Later, the father of five daughters quickly made a career out of the SPD stronghold of North Rhine-Westphalia under his political foster father Johannes Rau, until he finally took over as prime minister in 1998.
Four investigation commissions
However, his popularity as the father of the country remained subdued. And her four years in government were overshadowed on the one hand by four committees of inquiry into alleged inconsistencies, for example in economic development, and on the other hand by the ongoing dispute with the Green Environment Minister Bärbel Höhn.
Clement was never your typical Social Democrat. The tones of class struggle or union romance were still alien to him. For him, economic success has always been the prerequisite for everything social. With his pragmatic style of government, the SPD man always listened carefully to the Ruhr barons and other corporate leaders large and small.
With this profile, Clement was the man of the moment for Federal Chancellor Schröder in 2002 after his re-election. At the time, Germany was considered the “sick man of Europe”, plagued by massive unemployment and persistent economic recession. Creating jobs was the most difficult task for the Chancellor, and Clement, with his well-developed self-confidence, dared to do it.
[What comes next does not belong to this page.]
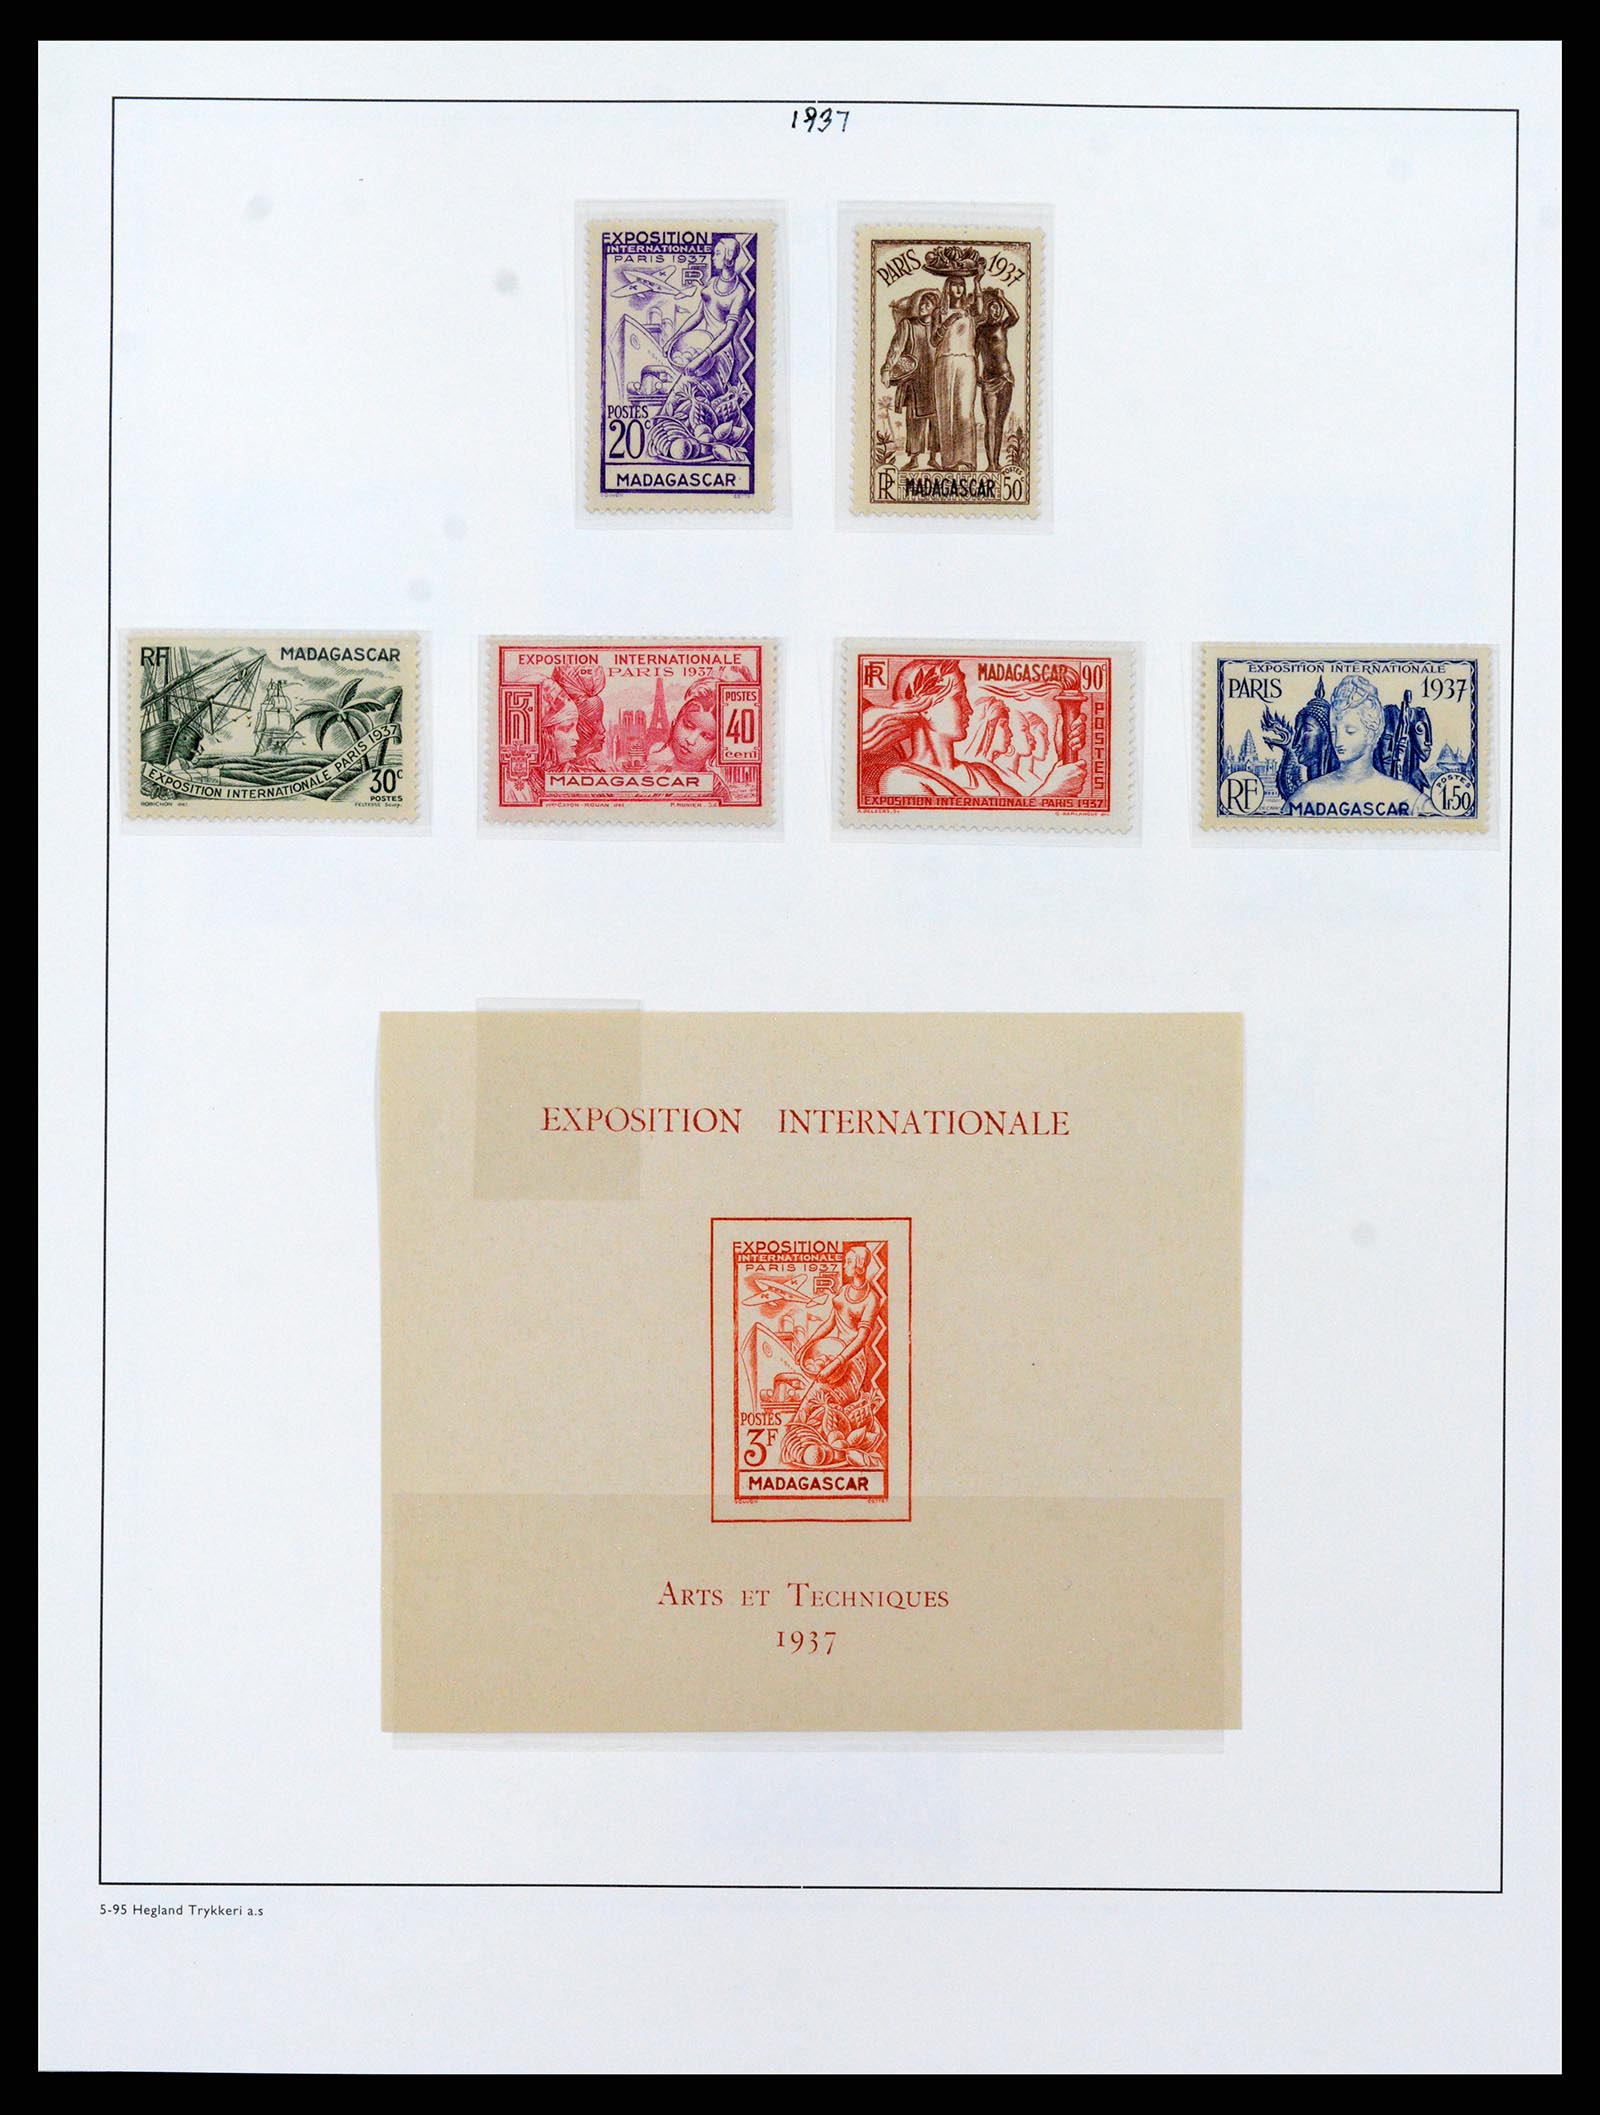 37929 073 - Stamp Collection 37929 Madagascar 1889-2000.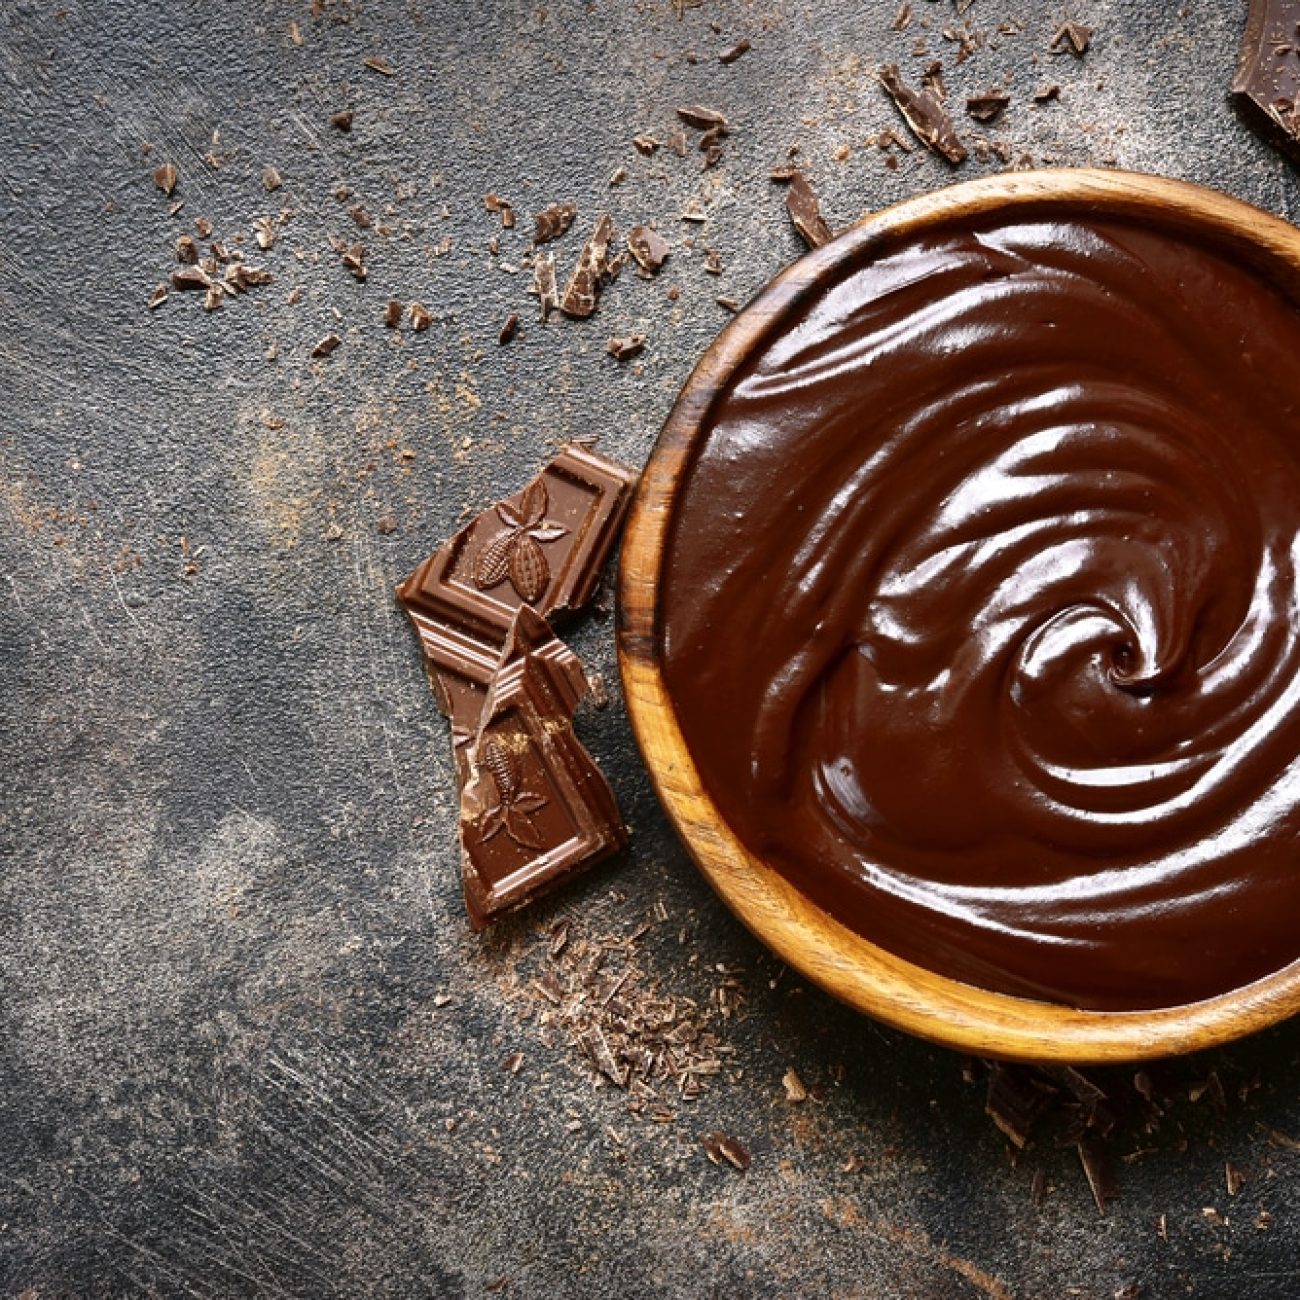 Sugar-Free Chocolate Syrup Made with Stevia – A Healthy Alternative

As a prerequisite, he called for the Ministry of Economic Affairs to become a super ministry, also responsible for energy and, as a novelty, for labor market policy. Clement’s motto, “The social is what creates work”, marked a new direction in the red-green government. “Demand and support” was another catchphrase from the energetic super minister, who was soon changed as the next possible candidate for chancellor.
Hartz as a masterpiece
The implementation of the Hartz reforms, which were supposed to radically change the labor market, was Clement’s masterpiece. Reform measures devised by former VW manager Peter Hartz and his committee, such as promoting so-called I-AGs or inventing one-euro jobs, quickly became law at the ministry.
This was followed by the flexibility of the labor market through the facilitation of temporary work and the flexibility of fixed-term employment contracts. Above all, however, the amalgamation of previous welfare and unemployment assistance to form Unemployment Benefit II, popularly known as Hartz IV, earned Clement the reputation of an icy neoliberal who is tackling the welfare state with the wrecking ball.
The minister, who sometimes reacted angrily or cynically to criticism, was not discouraged by his conviction that he was on the right track, either because of Monday’s demonstrations or because of the poor SPD polls. The founding of the Left Party, joined by several Social Democrats, did not weaken Clemente either.
And he was deeply bitter that after the electoral defeat in 2005, the party moved further and further away from Schröder’s reform policy. The former super minister failed to understand that the Social Democracy is ashamed of Hartz’s reforms instead of being celebrated for the success of eliminating mass unemployment.
In old age he grew closer and closer to the FDP. He himself remains, as he put it, a “non-party social democrat.” But in terms of economic policy, he saw the Liberals as the “only progressive party.”
Germany is now in what is probably the worst recession since World War II. And an entrepreneur like Clement, who, regardless of the polls, implements a policy that creates and secures jobs rather than relying on social illusions, is missing.